AIM OF THE EXERCISE:
Using only the entries below, copy exactly the lines that begin at the one with "Shrifo Smart Business" and end at the one with "Style #: KC2560M", both included. Drop the pictures.

DATA RECORDS:

········

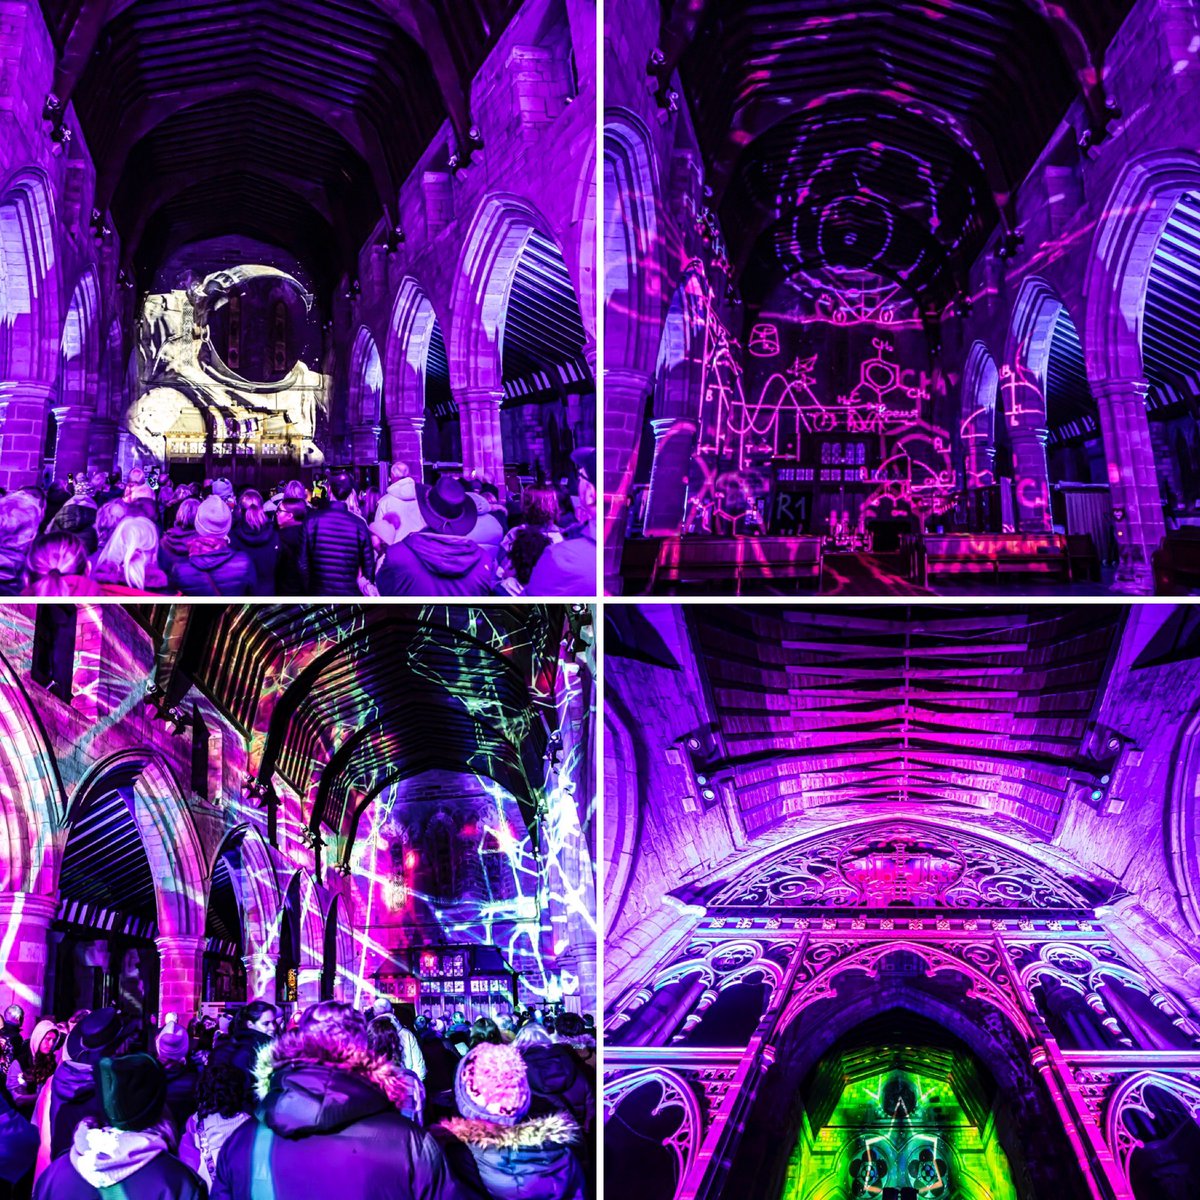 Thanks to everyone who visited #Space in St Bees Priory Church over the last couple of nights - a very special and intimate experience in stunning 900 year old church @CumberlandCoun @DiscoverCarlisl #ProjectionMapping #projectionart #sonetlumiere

········

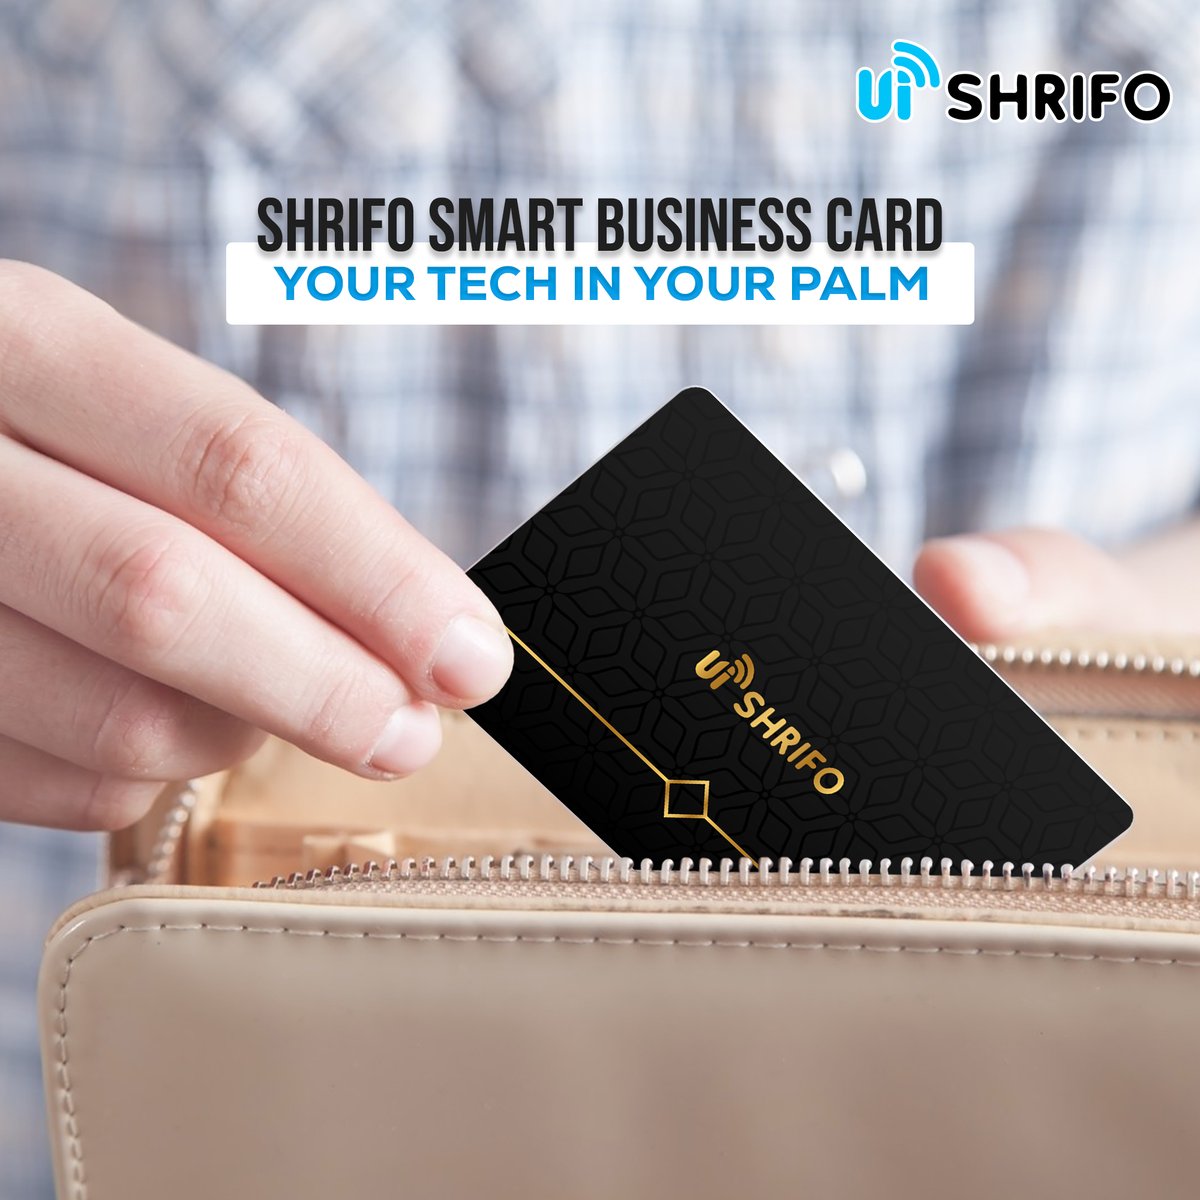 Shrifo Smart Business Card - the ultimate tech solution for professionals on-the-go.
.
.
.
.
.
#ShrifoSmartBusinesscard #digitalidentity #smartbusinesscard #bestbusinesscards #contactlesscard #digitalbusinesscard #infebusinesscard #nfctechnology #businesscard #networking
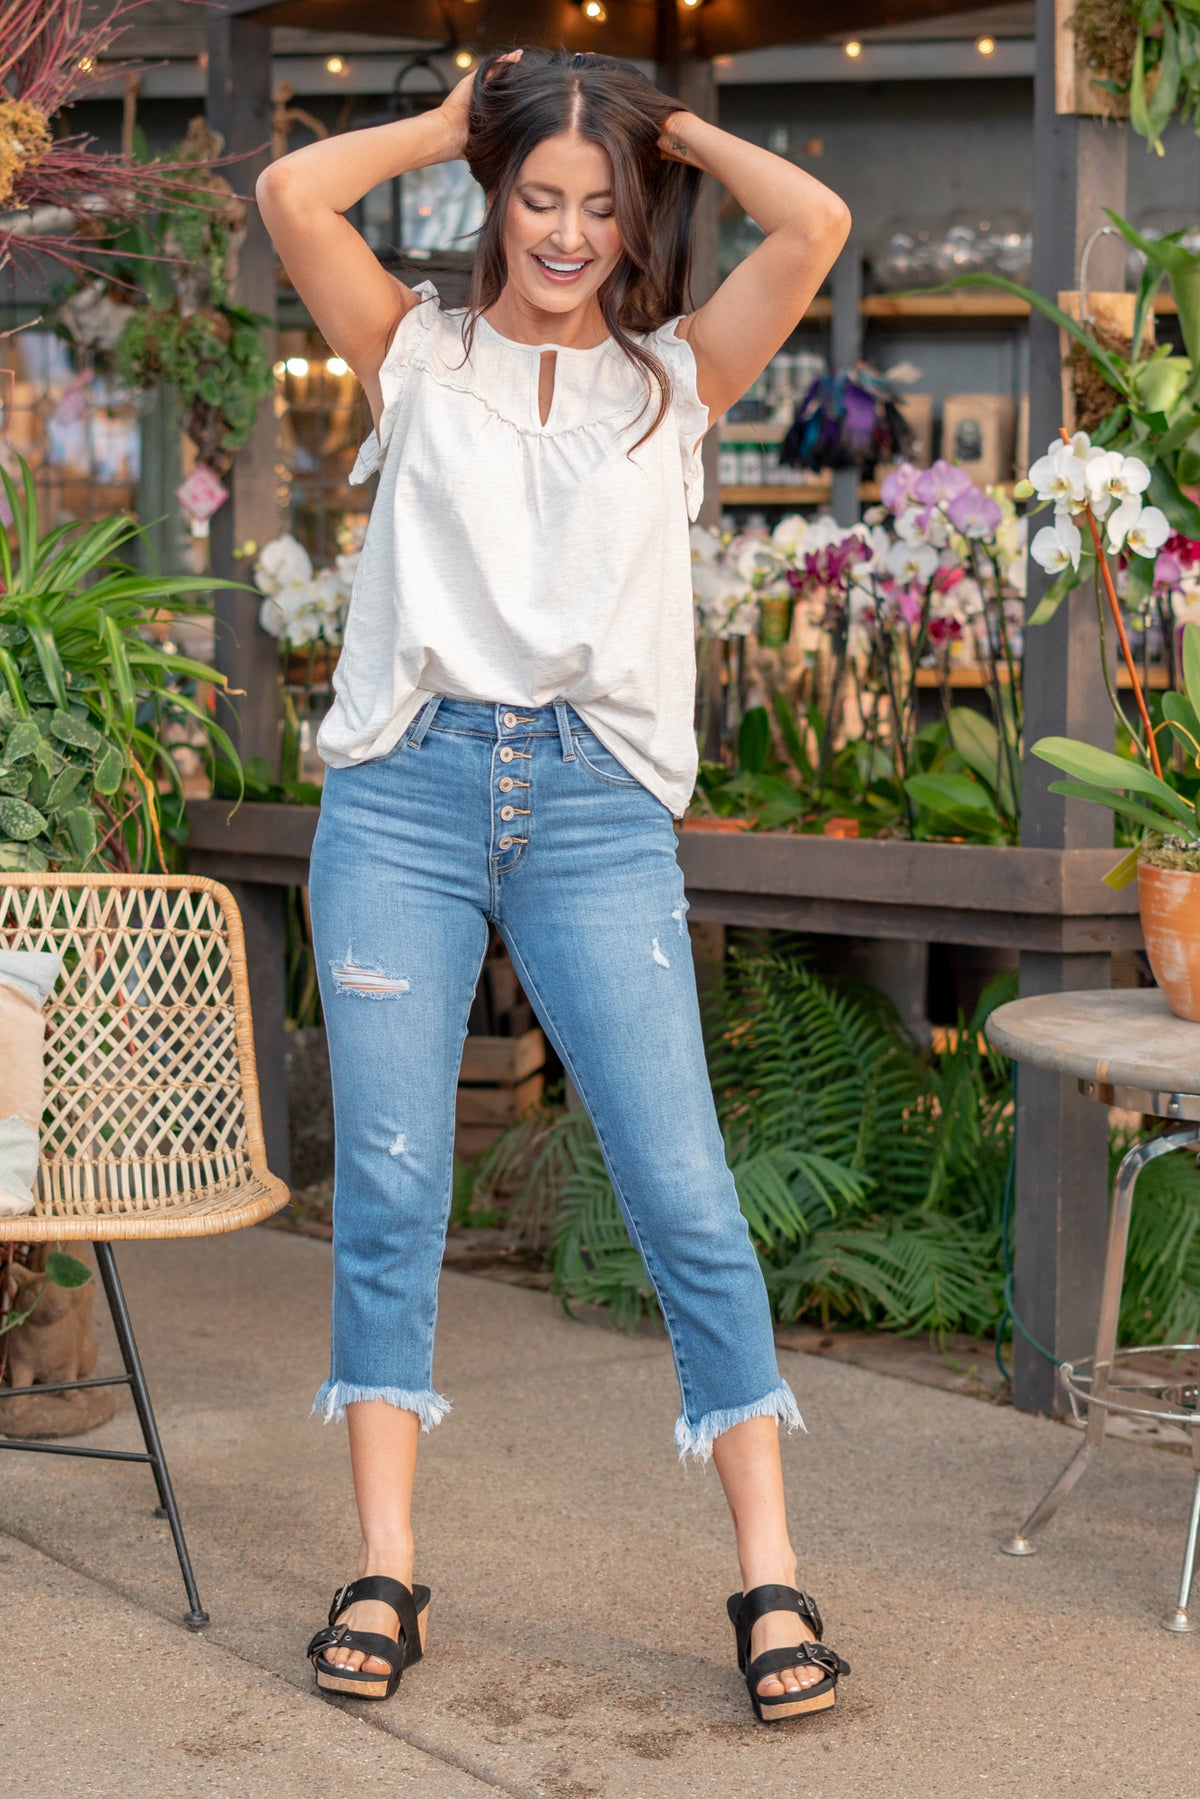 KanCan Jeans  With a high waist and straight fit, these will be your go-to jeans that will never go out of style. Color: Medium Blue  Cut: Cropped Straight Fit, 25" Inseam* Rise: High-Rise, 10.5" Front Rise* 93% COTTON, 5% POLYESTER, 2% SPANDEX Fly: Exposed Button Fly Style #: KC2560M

········

EXERCISE RESPONSE:
 Shrifo Smart Business Card - the ultimate tech solution for professionals on-the-go.
.
.
.
.
.
#ShrifoSmartBusinesscard #digitalidentity #smartbusinesscard #bestbusinesscards #contactlesscard #digitalbusinesscard #infebusinesscard #nfctechnology #businesscard #networking
 KanCan Jeans  With a high waist and straight fit, these will be your go-to jeans that will never go out of style. Color: Medium Blue  Cut: Cropped Straight Fit, 25" Inseam* Rise: High-Rise, 10.5" Front Rise* 93% COTTON, 5% POLYESTER, 2% SPANDEX Fly: Exposed Button Fly Style #: KC2560M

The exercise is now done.